Approach. Enumerate subsets via bitmask; for each, sort by deadline and check that the k-th job (1-indexed) has deadline ≥ k; track max profit.
Go¶
package main
import (
"fmt"
"sort"
)
func feasible(ds []int) bool {
sort.Ints(ds)
for i, d := range ds {
if d < i+1 { // i+1-th job needs a slot <= d, requires d >= i+1
return false
}
}
return true
}
func brute(jobs [][2]int) int { // jobs[i] = {profit, deadline}
n := len(jobs)
best := 0
for mask := 0; mask < (1 << n); mask++ {
var ds []int
sum := 0
for i := 0; i < n; i++ {
if mask&(1<<i) != 0 {
ds = append(ds, jobs[i][1])
sum += jobs[i][0]
}
}
if feasible(ds) && sum > best {
best = sum
}
}
return best
}
func main() {
jobs := [][2]int{{100, 2}, {19, 1}, {27, 2}, {25, 1}, {15, 3}}
fmt.Println("brute max profit =", brute(jobs)) // 142
}
Java¶
import java.util.*;
public class Challenge3 {
static boolean feasible(List<Integer> ds) {
Collections.sort(ds);
for (int i = 0; i < ds.size(); i++)
if (ds.get(i) < i + 1) return false;
return true;
}
static int brute(int[][] jobs) {
int n = jobs.length, best = 0;
for (int mask = 0; mask < (1 << n); mask++) {
List<Integer> ds = new ArrayList<>();
int sum = 0;
for (int i = 0; i < n; i++)
if ((mask & (1 << i)) != 0) { ds.add(jobs[i][1]); sum += jobs[i][0]; }
if (feasible(ds) && sum > best) best = sum;
}
return best;
}
public static void main(String[] args) {
int[][] jobs = {{100,2},{19,1},{27,2},{25,1},{15,3}};
System.out.println("brute max profit = " + brute(jobs)); // 142
}
}
Python¶
from itertools import combinations
def feasible(ds):
ds = sorted(ds)
return all(d >= i + 1 for i, d in enumerate(ds))
def brute(jobs):
n = len(jobs)
best = 0
for r in range(n + 1):
for comb in combinations(range(n), r):
ds = [jobs[i][1] for i in comb]
if feasible(ds):
best = max(best, sum(jobs[i][0] for i in comb))
return best
if __name__ == "__main__":
jobs = [(100, 2), (19, 1), (27, 2), (25, 1), (15, 3)]

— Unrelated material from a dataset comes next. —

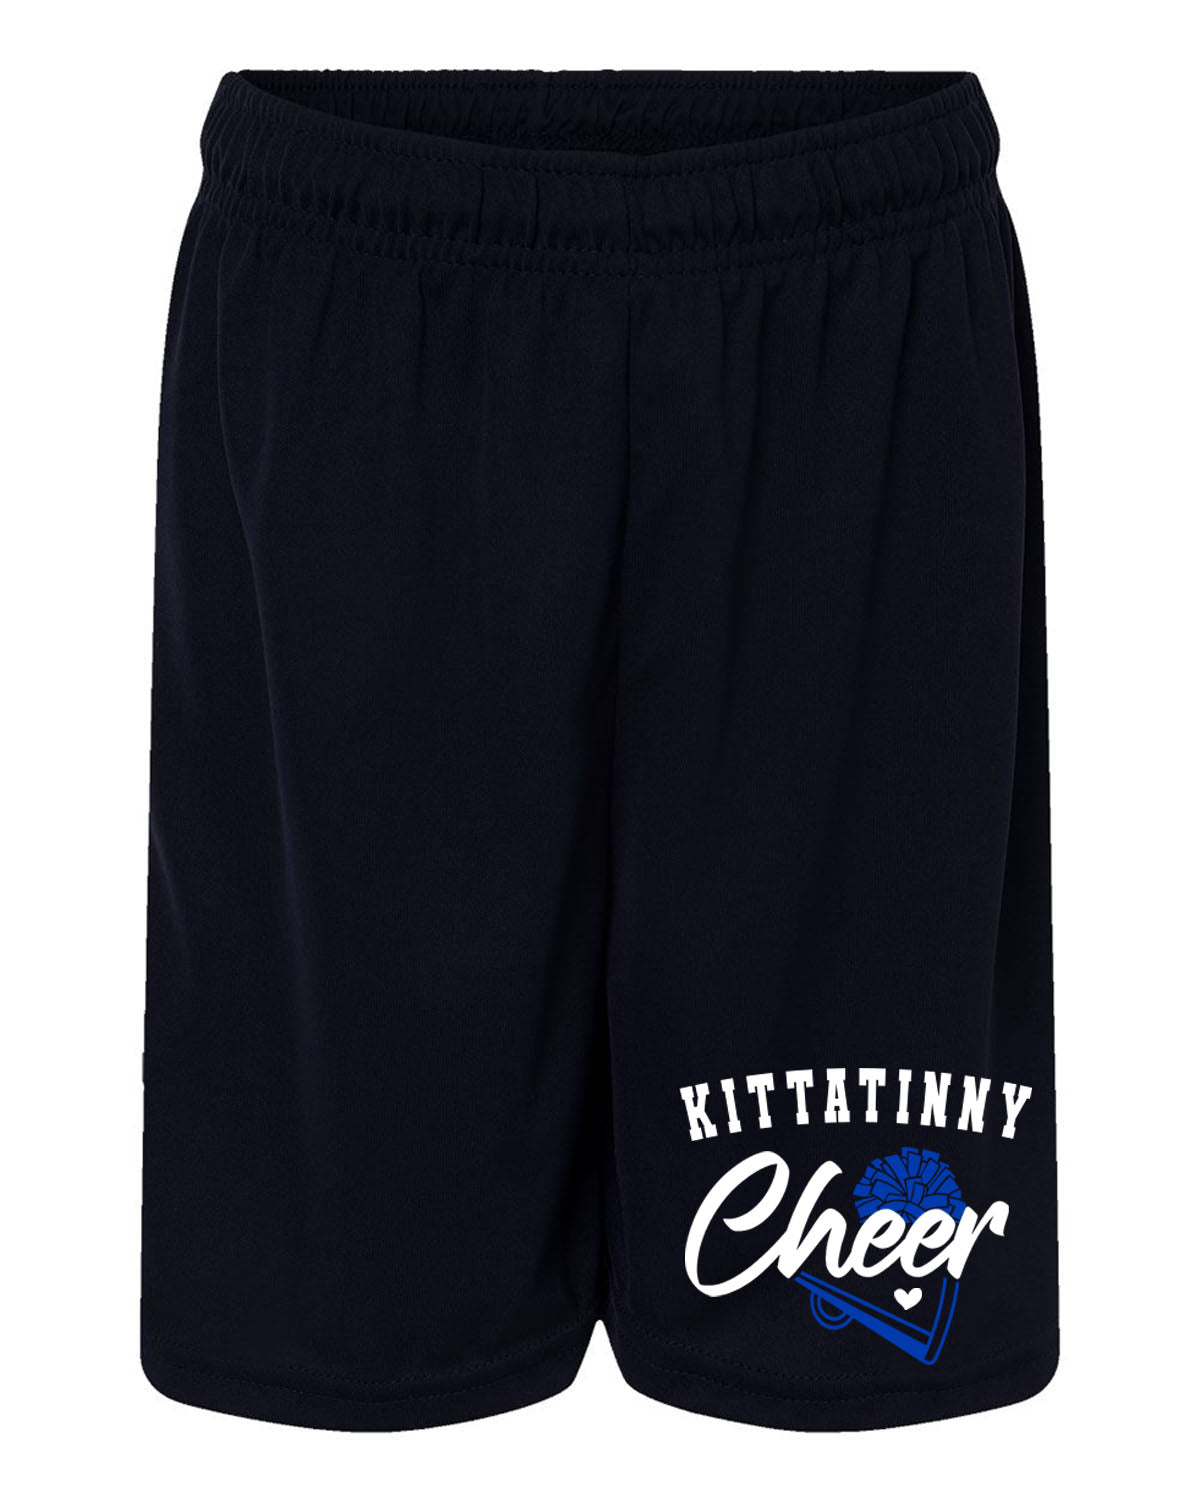 Kittatinny Cheer Performance Shorts Design 9
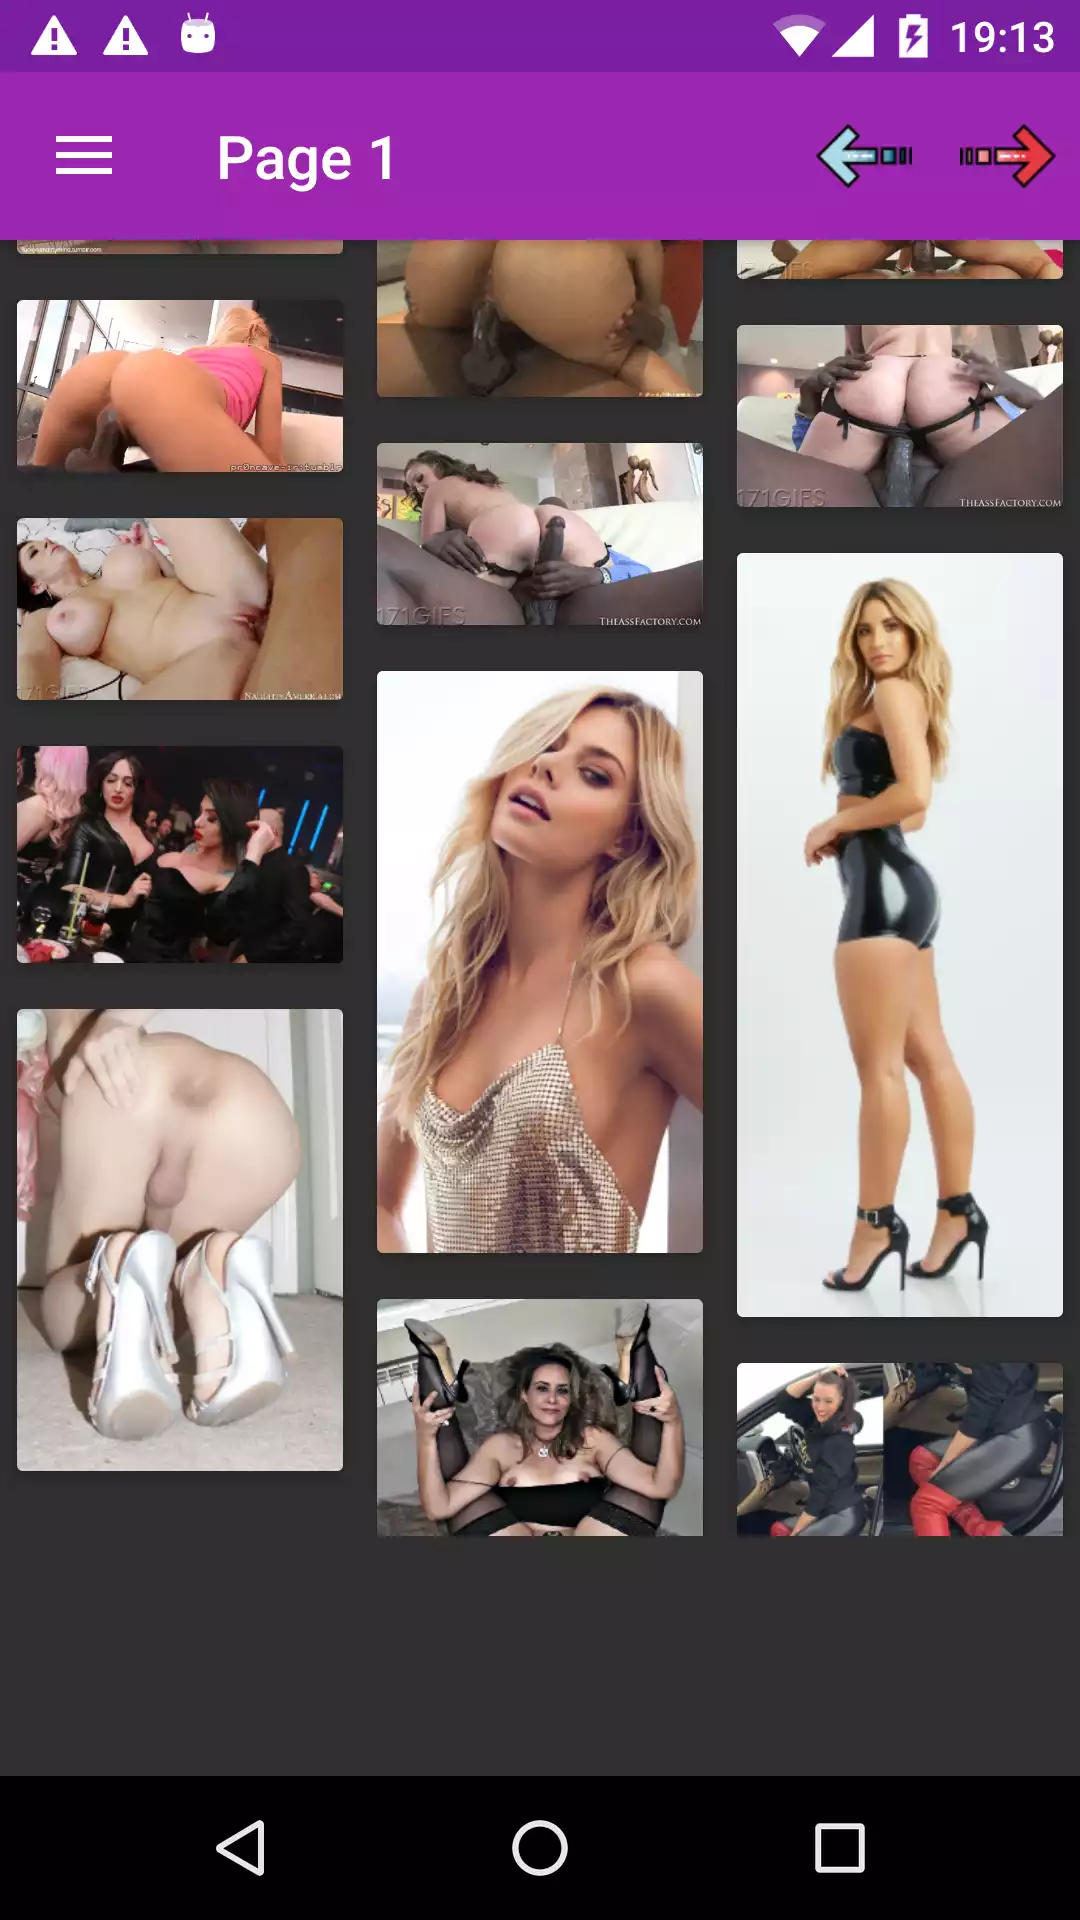 Sexy Group Sex Pics browser,gallery,hentai,adult,pornstar,download,aplikasi,apk,lisa,photos,mature,pics,android,app,porn,sexy,pictures,manga,henti

print("brute max profit =", brute(jobs)) # 142
Final Tips¶
- Lead with the greedy and the 'latest slot' insight — interviewers want to see you justify, not just recite.
- Offer both algorithms (slot/union-find and heap) and pick by the deadline range; it signals depth.
- State the optimality argument — at least the exchange sketch; mention the matroid for senior roles.
- Get the boundaries right — slots are 1-indexed, deadlines
≥ 1, cap slots atmin(D, n), define a tie-break. - Always verify — describe the brute-force oracle and the Hall feasibility check; mention cross-checking the two methods.
- Know where it breaks — variable durations → NP-hard; only-feasibility → EDF; richer constraints → min-cost flow.